A former nuclear strategist, Marshall has
spent the past 40 years running the Pentagon’s Office of Net
Assessment, searching for potential threats to American dominance. In
the process, he has built a network of allies in Congress, in the
defense industry, at think tanks and at the Pentagon that amounts to a
permanent Washington bureaucracy.
While Marshall’s backers praise
his office as a place where officials take the long view, ignoring
passing Pentagon fads, critics see a dangerous tendency toward alarmism
that is exaggerating the China threat to drive up defense spending.
“The
old joke about the Office of Net Assessment is that it should be called
the Office of Threat Inflation,” said Barry Posen, director of the MIT
Security Studies Program. “They go well beyond exploring the worst
cases. . . . They convince others to act as if the worst cases are
inevitable.”
Marshall dismisses criticism that his office focuses
too much on China as a future enemy, saying it is the Pentagon’s job to
ponder worst-case scenarios.
“We tend to look at not very happy futures,” he said in a recent interview.
China tensions
Even as it has embraced Air-Sea Battle, the Pentagon has
struggled to explain it without inflaming already tense relations with
China. The result has been an information vacuum that has sown confusion
and controversy.
Senior Chinese military officials warn that the Pentagon’s new effort could spark an arms race.
“If
the U.S. military develops Air-Sea Battle to deal with the [People’s
Liberation Army], the PLA will be forced to develop anti-Air-Sea
Battle,” one officer, Col. Gaoyue Fan, said last year in a debate
sponsored by the Center for Strategic and International Studies, a
defense think tank.
Pentagon officials counter that the concept is focused solely on defeating precision missile systems.

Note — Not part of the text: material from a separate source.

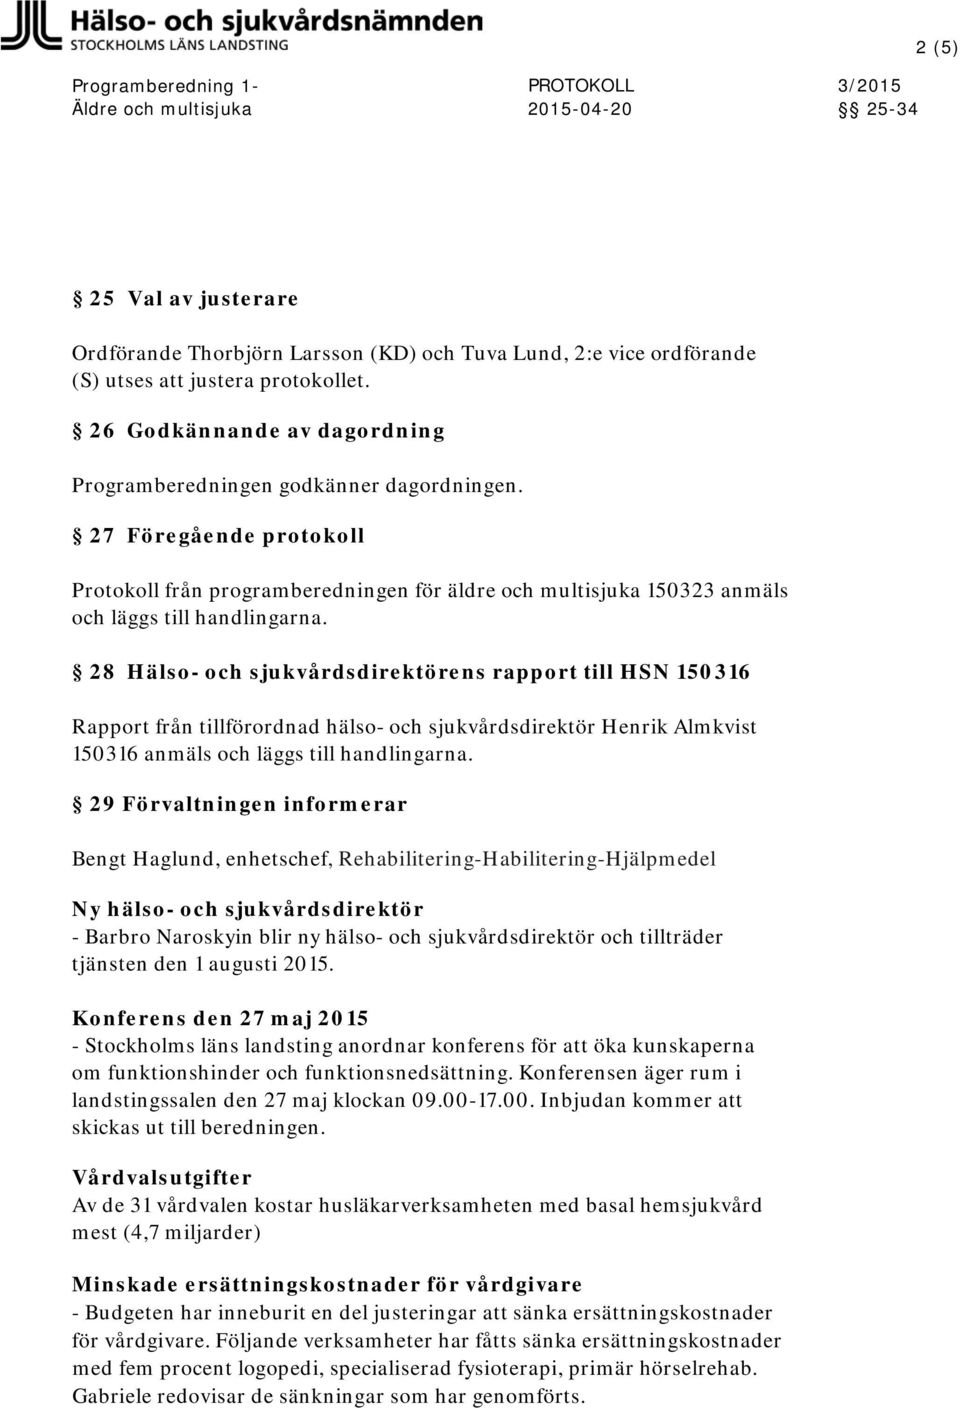 28 Hälso- och sjukvårdsdirektörens rapport till HSN 150316 Rapport från tillförordnad hälso- och sjukvårdsdirektör Henrik Almkvist 150316 anmäls och läggs till handlingarna.

“It’s not about a specific actor,” a senior defense official told reporters last year. “It is not about a specific regime.”
The
heads of the Air Force and Navy, meanwhile, have maintained that
Air-Sea Battle has applications even beyond combat. The concept could
help the military reach melting ice caps in the Arctic Circle or a
melted-down nuclear reactor in Japan, Adm. Jonathan Greenert, the U.S.
chief of naval operations, said in May at the Brookings Institution.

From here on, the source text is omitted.